Friday, January 21st, 2011
Image Source: IWatchStuff.com

Image Source: IWatchStuff.com

The Federal Communications Commission and the Justice Department approved a pending $30 billion joint venture which allows Comcast to own 51 percent of NBC Universal. The approval comes 13 months after the two sides announced their plan to merge one of the nation’s largest cable and internet operators with a broadcaster whose assets include NBC and Telemundo, USA, Syfy, Bravo, and Universal Pictures. Comcast controls 24 percent of the nation’s cable subscribers and NBC owns 12 percent of what is viewed on television. A match made in heaven? Not so fast… Over the last year this deal was met with heavy opposition from consumer advocate groups who argued consumers would have less influence over the newly formed company while online distributors worried about the possibility of having to pay a premium for NBC’s content, which would be controlled by one of their largest competitors in the distribution space. (Source: LA Times Blog, Entertainment News Buzz, January 2011.)

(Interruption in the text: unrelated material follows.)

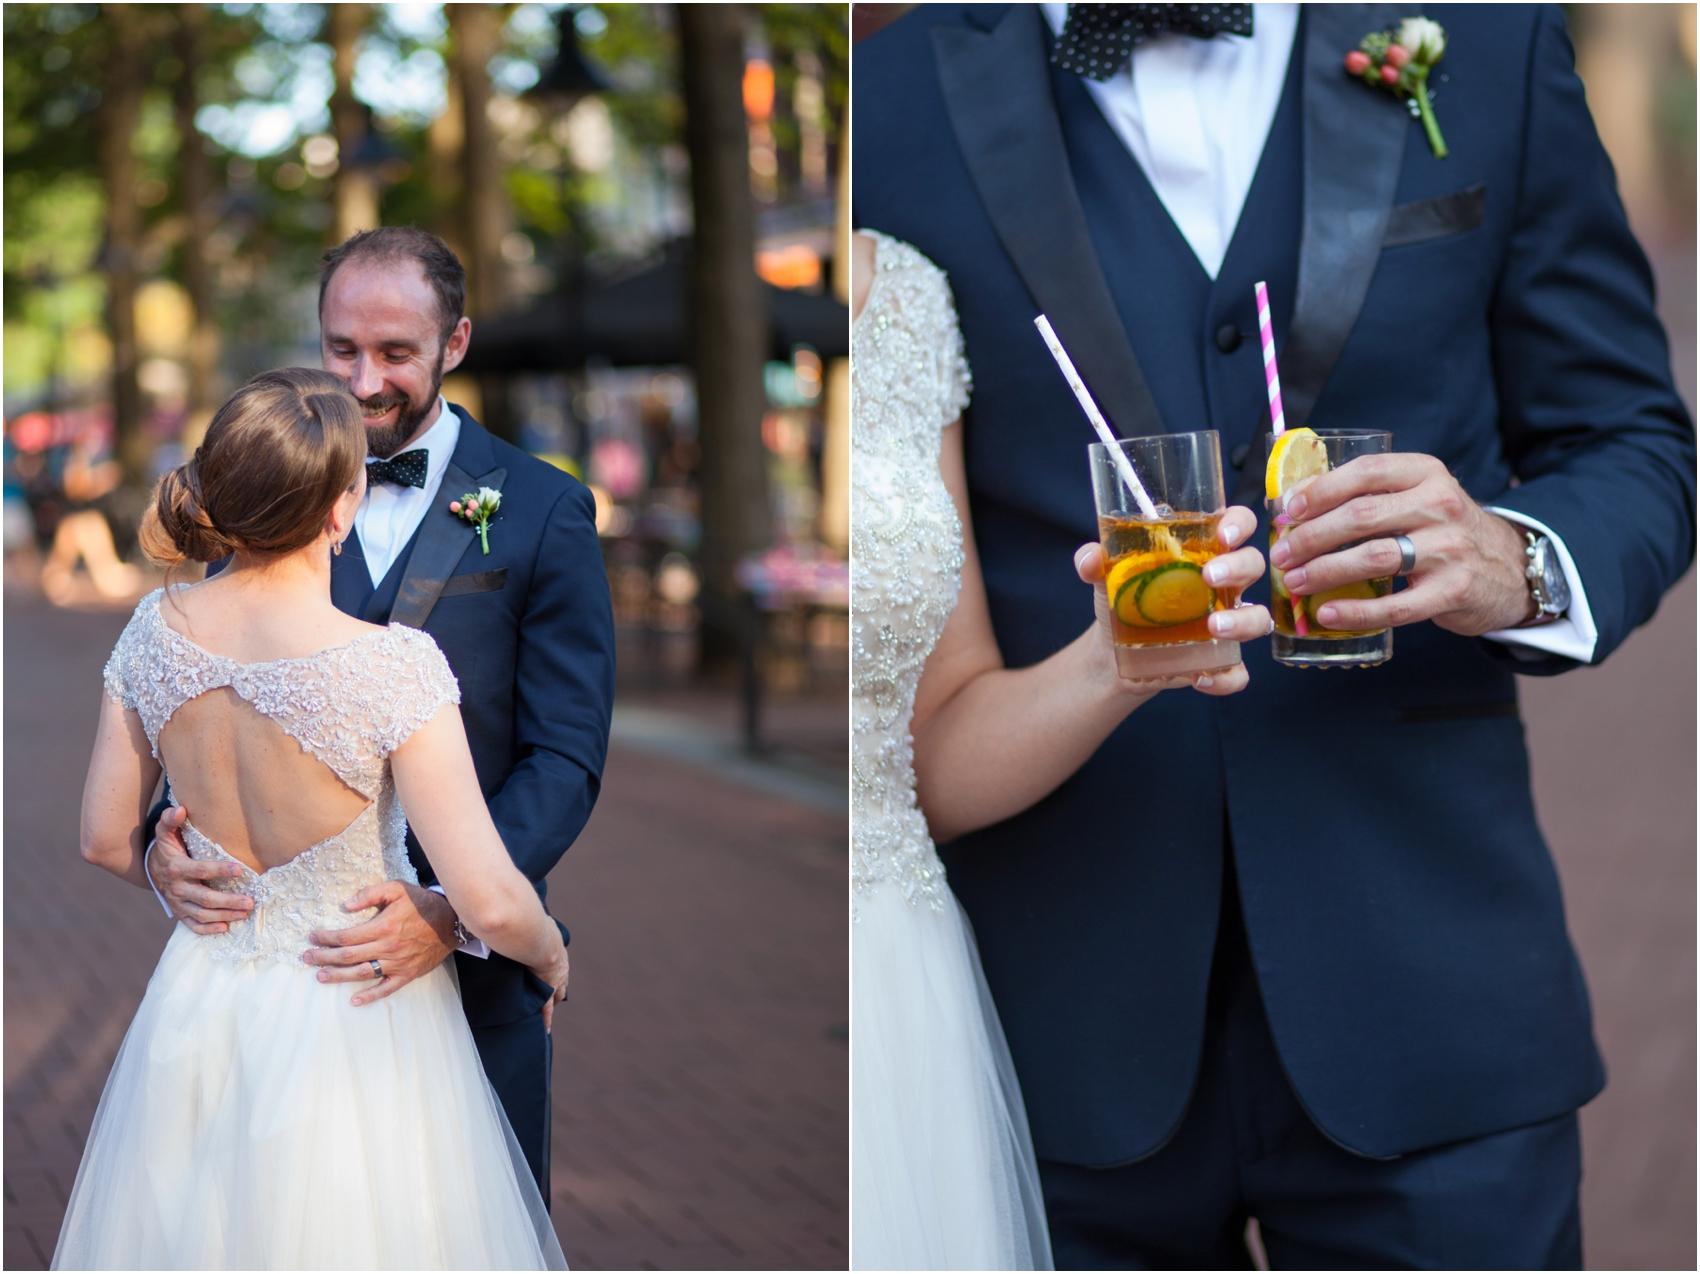 Old-Metropolitan-Hall-Wedding-Charlottesville-Virginia-2-33.jpg
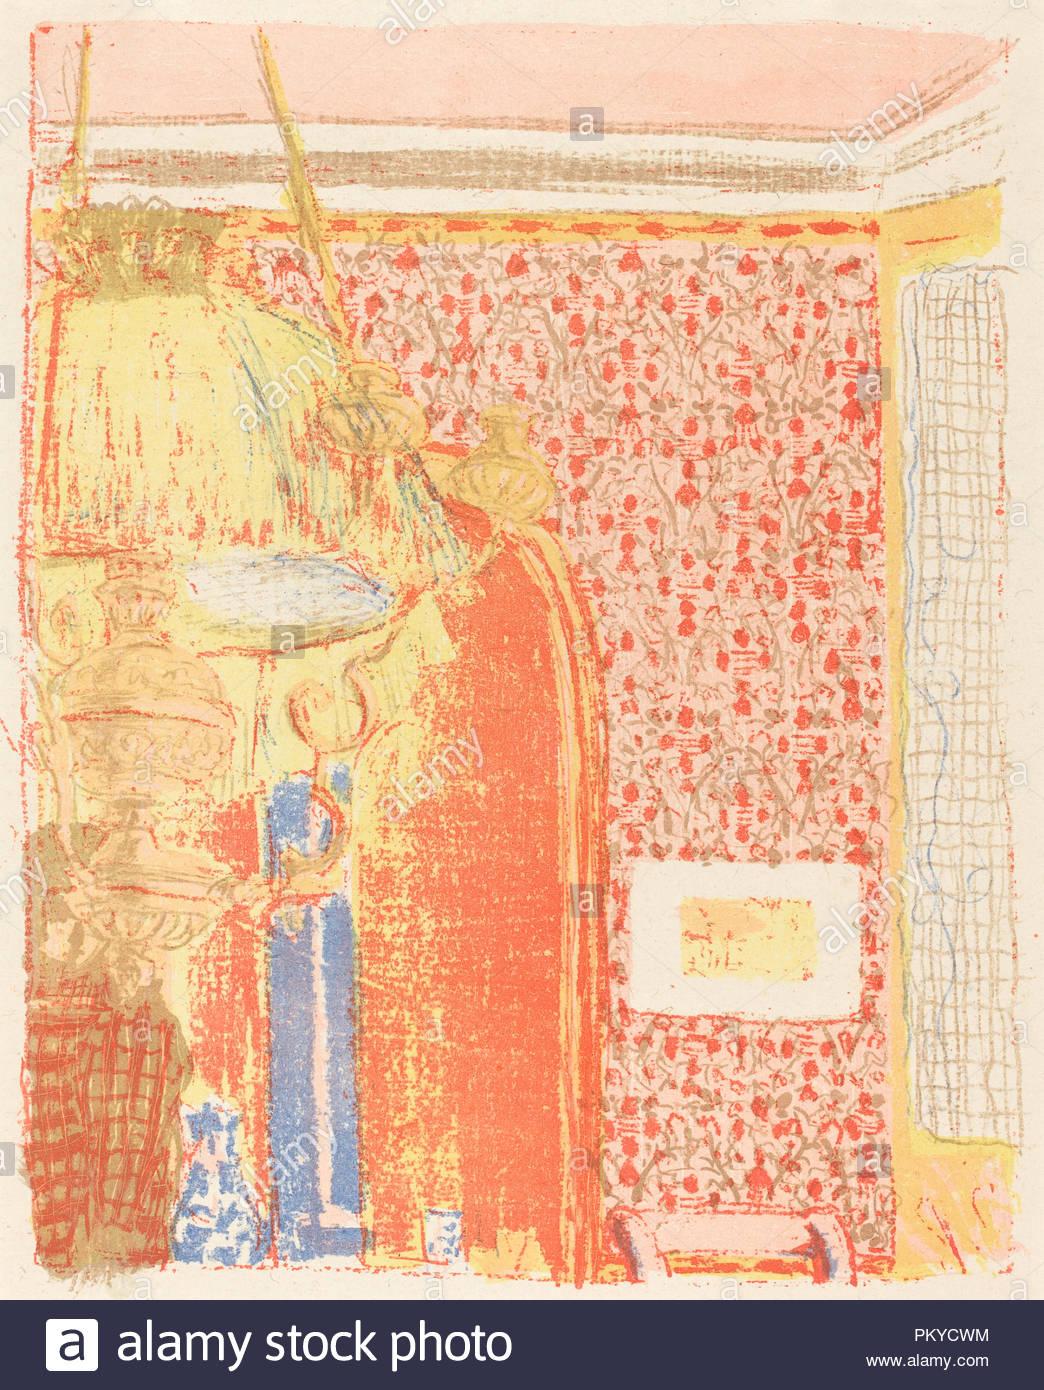 Interieur mit rosa Tapete III (Interieur aux tentures Roses III). Vom: C. 1896 (veröffentlicht 1899). Medium: farblithographie auf China Papier. Museum: Nationalgalerie, Washington DC. Autor: Edouard Vuillard. Stockbild

On paper this looks like an unstoppable combination in the making, and could potentially open the door for similar deals between content providers and cable and online providers. Although some were successful and some flopped, this is not the first time we’ve seen this type of marriage before – CBS/Viacom, AOL/Time Warner, Time Warner/Turner. With Comcast controlling NBC’s network and cable shows as well as their movies, it would seem their 15 million subscription base would be the perfect captive audience to view their content with competing cable and online providers forced to pay a kings ransom for the rights to their shows and movies. The FCC, however, put conditions on the deal to prevent any funny business with the hopes of maintaining as much “net neutrality” as possible.

One of the conditions requires Comcast to make its content available to all rival cable and satellite distributors as well as online distributors, and has to offer it’s content for the same price to everyone. They are also required to sell their internet service as a standalone service – this is significant since online distributors (Netflix) gives you the ability to access content without a cable subscription but requires internet service. The FCC is also asking Comcast to relinquish its day-to-day control of their online site HULU, allowing them to maintain an ownership stake but stripping them of any voting rights or the ability to suddenly make content unavailable from the site. (Source: Reuters, January, 18, 2011.)

So before everybody bows down to this newly formed Media behemoth, let’s remember… a lot has changed over the last 13 months since their initial announcement, and the conditions put on the new merger by the FCC (if enforced) will help neutralize any abuses of power. The consumer now has more options with the rise of online providers (Netflix, Google, and Apple TV) and will ultimately choose their services based on the quality of the entertainment, not the amount of channels offered or where the channel falls on the dial.

The pressure now falls squarely on the shoulders of NBC Universal. Without quality content from NBC, Comcast will quickly begin to wonder why they paid all of that money and went through all of the trouble of diversifying their business. The competition is sure to be fierce between cable and online providers; content providers will continue to fight for better licensing agreements for their content and in the end consumers will also have to ask themselves… is it all worth it?